# I made a dubstep beat from presets. I think it turned out to be great!



## Desire Inspires (Jul 2, 2017)

Raw, real, edgy, bold, gritty, visceral, and.........generic. 

Yeah, I just used a bunch of presets and threw this together in about 30 minutes. I just felt like doing a quick and dirty experiment to see if I could make something that resembled dubstep. Not bad when you factor in the cheap sounds and the time spent.

Sometimes I overthink these things and try to put in as much music and production value as possible. But the little quick songs like this can come out to be okay in their own right. No need to be a genius all the time. Just let the songs come together in a simple but effective way.

Plus, look at that cool bird in the picture. That is worth a click or two. I mean, I would click on a song with a cool bird in the picture. Parrots are cool because pirates like them. Parrots and pirates go together like peanut butter and jelly. And who in the world doesn't like pirates? I had a cool pirate costume for Halloween with a parrot attached on my shoulder. I got a lot of candy that year.

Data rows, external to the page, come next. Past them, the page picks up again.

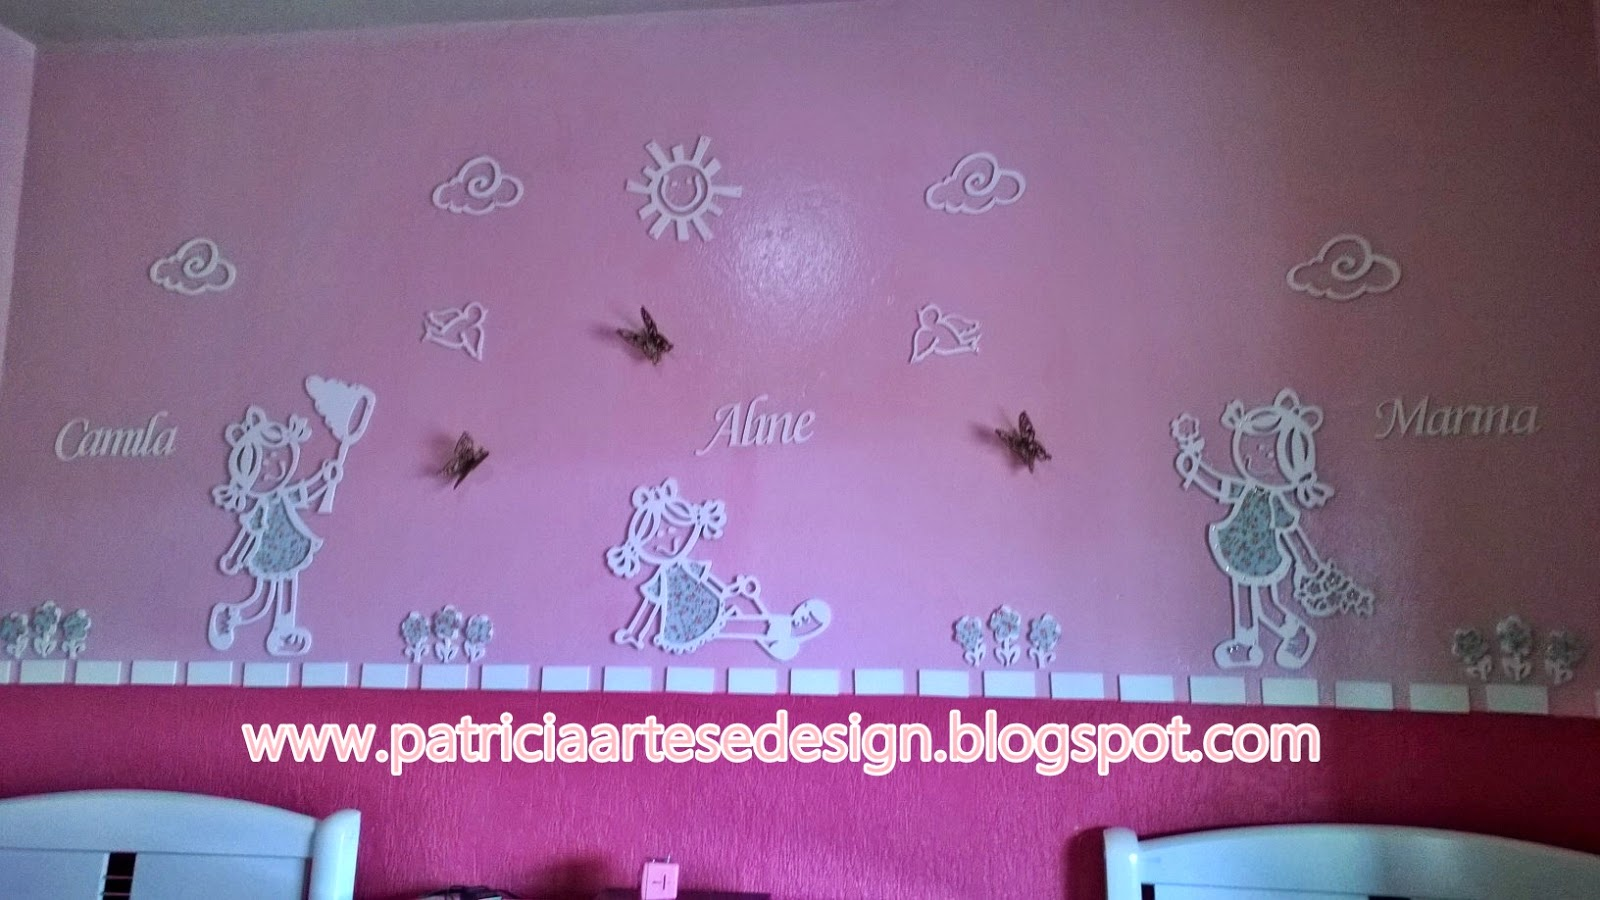 Painel para quarto de meninas, Painel em Mdf vazado, Painel para quarto de bebê, Decoração para quarto de Bebê, Painel Bonecas
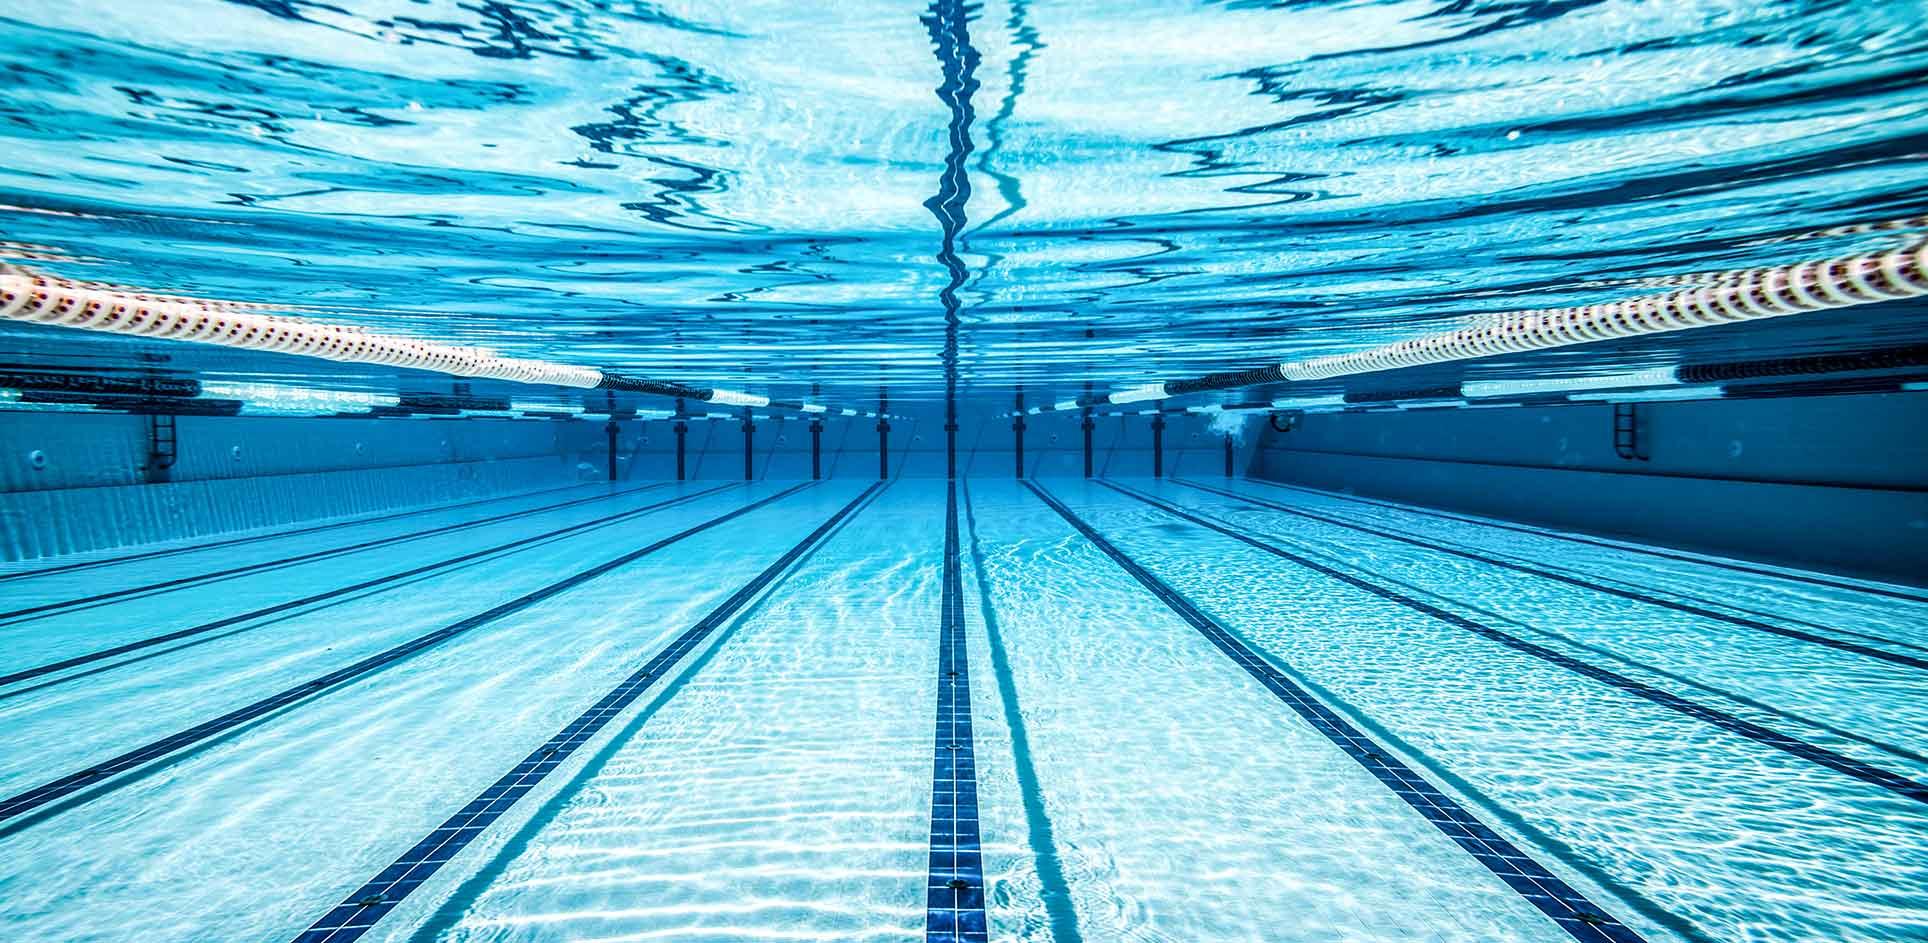 Underwater view of empty pool
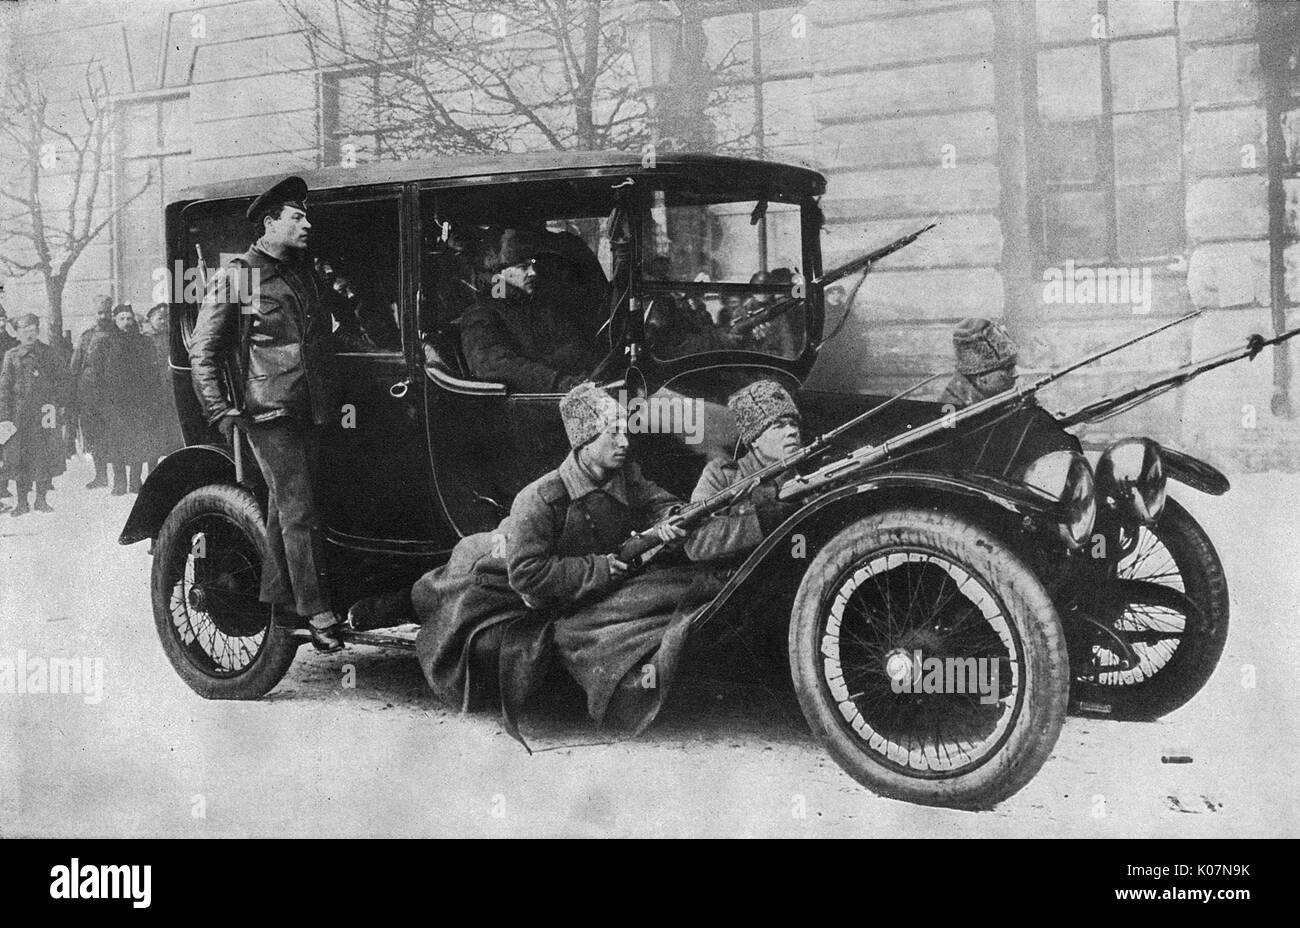 Duma boten durch bewaffnete Wachen geschützt, Petrograd (St. Petersburg), die während der Russischen Revolution. Die Autos wurden mit großer Geschwindigkeit durch die Stadt zu reisen. Datum: 1917 Stockbild
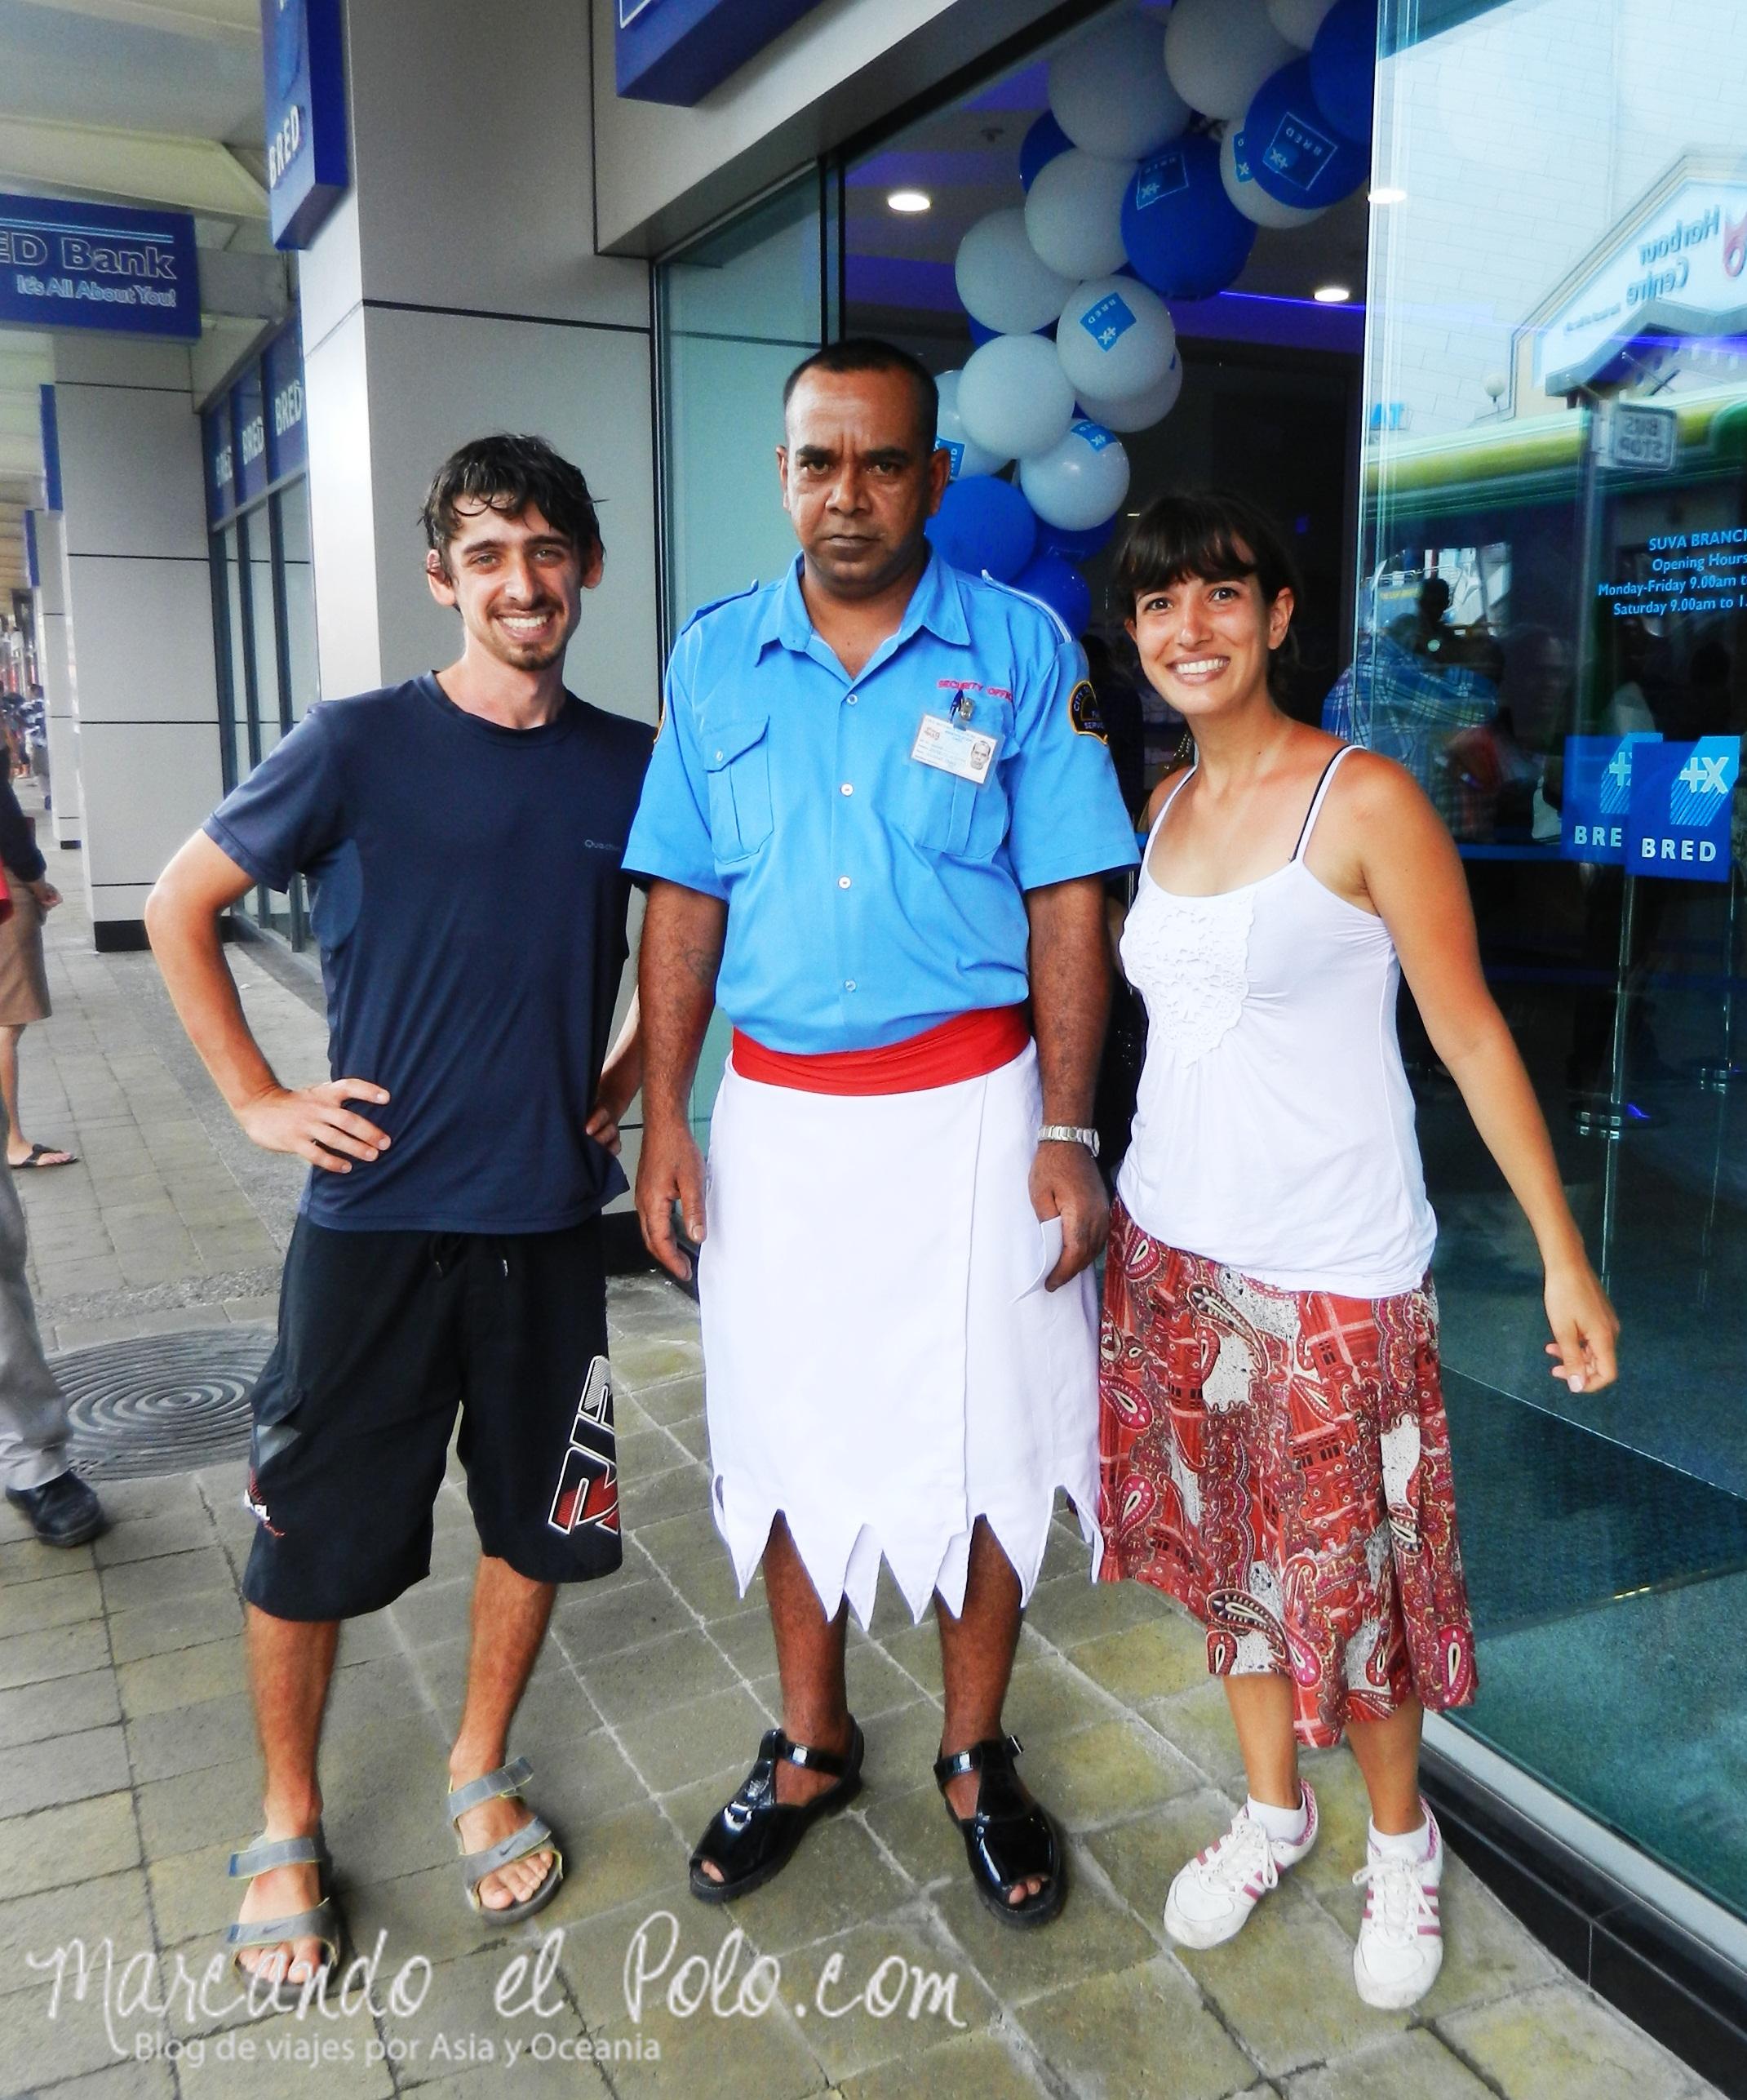 Uniforme policial en Fiyi

So forget what everyone says and just make music. Your heart and soul doesn't have to go into every song you make. You should schedule some time to have fun and do some experimentation. And please, save the parrots!!!


----------



## R. Soul (Jul 2, 2017)

It's got a Knife Party 'Bonfire' vibe, which is never a bad thing


----------



## Johann F. (Jul 2, 2017)

No drop, no joy. Better luck next time.

You almost convinced me when you pulled the parrot card. Almost.


----------



## Desire Inspires (Aug 7, 2017)

Drops are so 2007.


----------



## Desire Inspires (Oct 7, 2017)

Bump


----------